Germania, sentenza storica: la difesa del clima è un diritto fondamentale dei cittadini

Il 29 aprile, con una storica sentenza, la Corte costituzionale federale della Germania ha giudicato parzialmente incostituzionale e insufficiente la legge tedesca sul cambiamento climatico, approvata nel 2019, per l’assenza di indicazioni dettagliate sulla riduzione delle emissioni climalteranti dopo il 2030. La Corte ricorda che l’Accordo di Parigi stabilisce l’obiettivo di limitare l’aumento della temperatura globale a 1,5° rispetto all’era preindustriale (oggi siamo a poco più di 1°). (Foto di Tumisu da Pixabay)

«Affinché questo obiettivo venga centrato le riduzioni ancora necessarie dopo il 2030 dovranno essere raggiunte con sempre maggiore rapidità e urgenza». Un’affermazione che rispecchia la migliore scienza disponibile e il consenso della comunità scientifica internazionale.

Secondo i giudici costituzionali la protezione del clima rientra tra i diritti fondamentali dei cittadini. Le emissioni di gas serra hanno un impatto su «virtualmente, tutti gli aspetti della vita umana». La Corte si è espressa in seguito a un ricorso presentato da un gruppo di giovani attivisti, sostenuti da alcune organizzazioni tra cui Fridays For Future. I giudici hanno accolto alcune delle loro osservazioni critiche sulla legge federale sul clima. Hanno osservato, tra l’altro, che alcuni di loro sono «molto giovani» e che le disposizioni contenute nella legge «scaricano in modo irreversibile i maggiori oneri di riduzione delle emissioni su periodi successivi al 2030». Cioè, su coloro che saranno adulti quando i costi e gli impatti del riscaldamento globale saranno ancora più pesanti di quanto siano oggi, se la riduzione delle emissioni sarà tardiva e insufficiente.

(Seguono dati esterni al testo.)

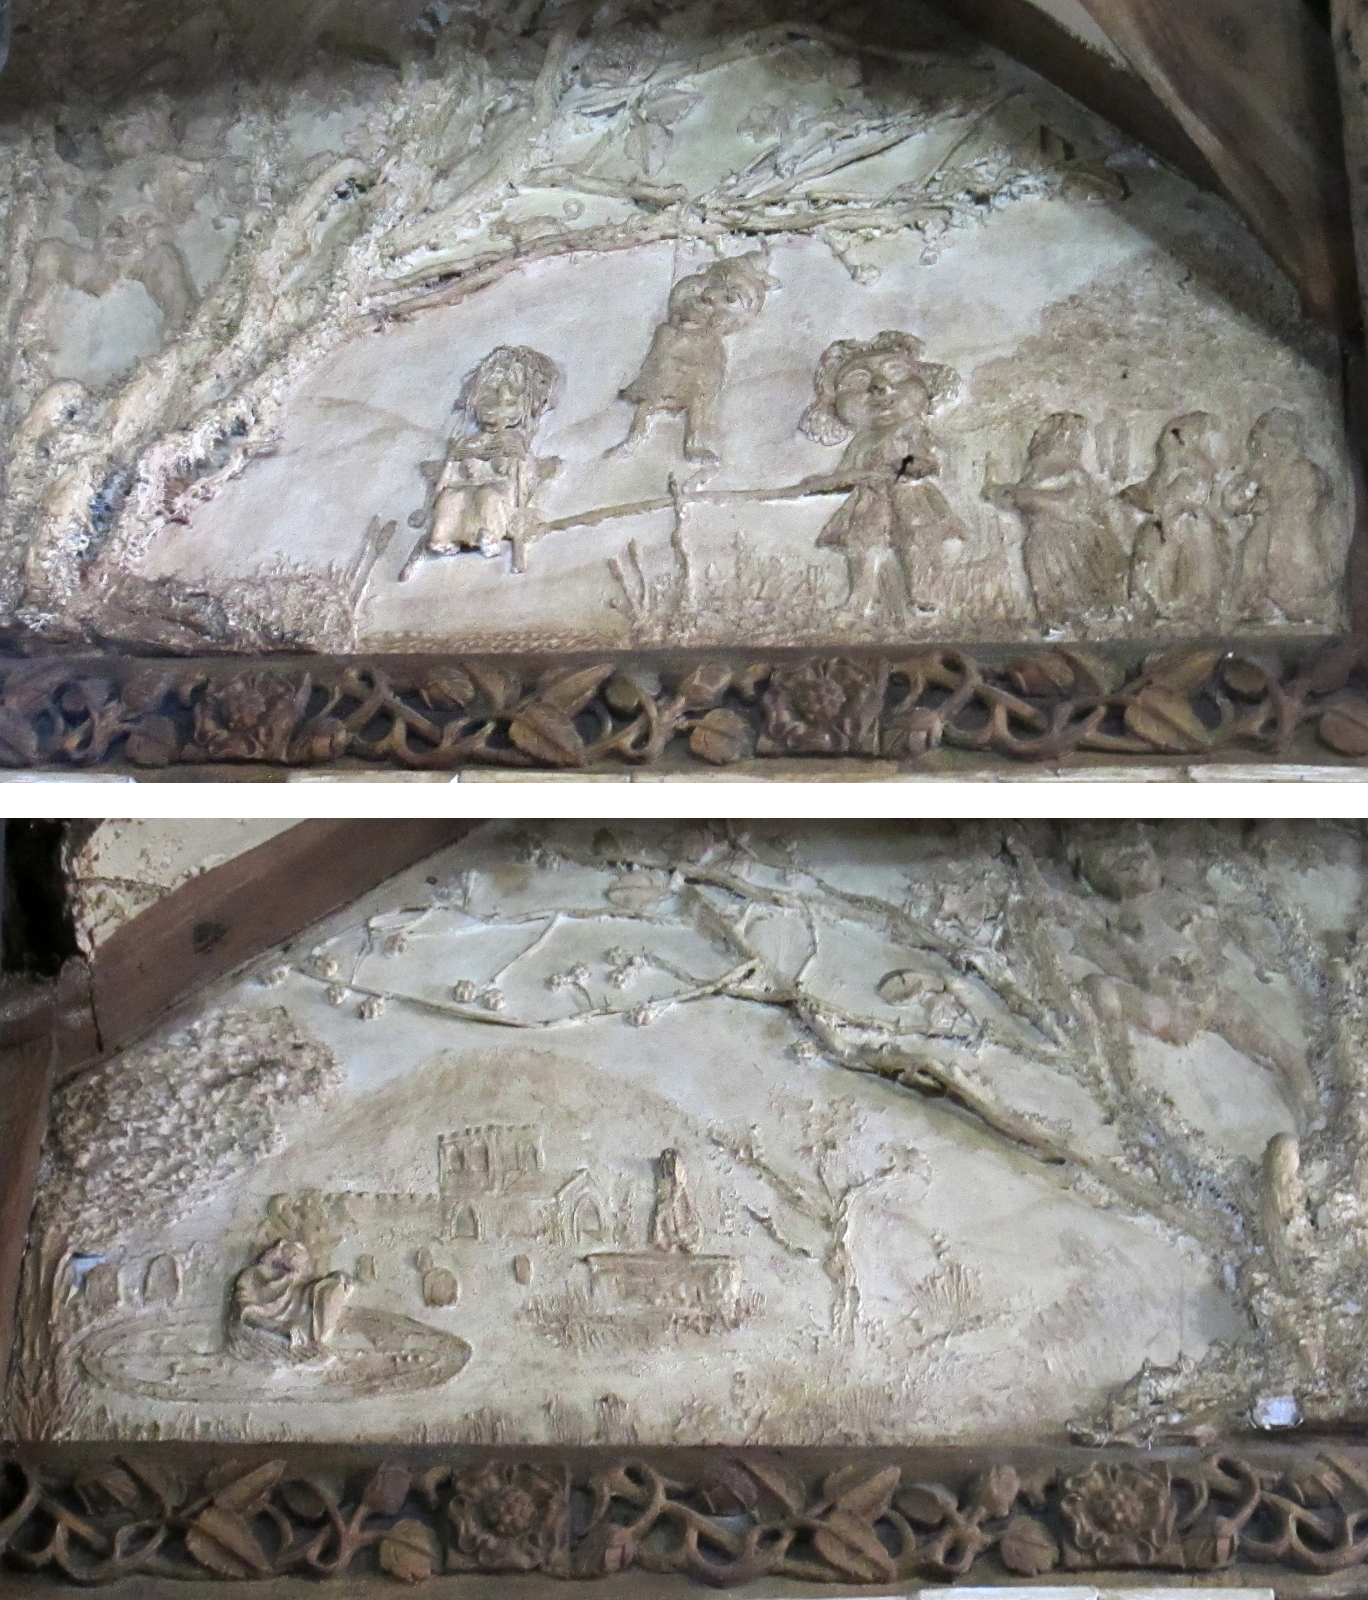 Scenes from the plaster frieze at Y Sospan, Dolgellau, showing trial and execution of witches (above) and a necromancer raising the dead (below) © Remy Dean

La Costituzione tedesca sancisce il dovere dello Stato di «proteggere la vita e la salute» e, come nota la Corte, questo riguarda anche la protezione dai rischi posti dai cambiamenti climatici e da eventi estremi che la crisi climatica sta rendendo più gravi e frequenti, come ondate di calore, incendi, piogge eccezionali e siccità. I legislatori dispongono di un margine di manovra nel decidere come adempiere a questi obblighi costituzionali, perciò non è possibile ravvisare una loro violazione nella Legge sul clima tedesca. Tuttavia, «diritti fondamentali sono violati dal fatto che le quantità di emissioni consentite fino al 2030 restringono in modo sostanziale le restanti opzioni per la riduzione delle emissioni dopo il 2030, mettendo perciò a repentaglio praticamente ogni tipo di libertà tutelata dai diritti fondamentali».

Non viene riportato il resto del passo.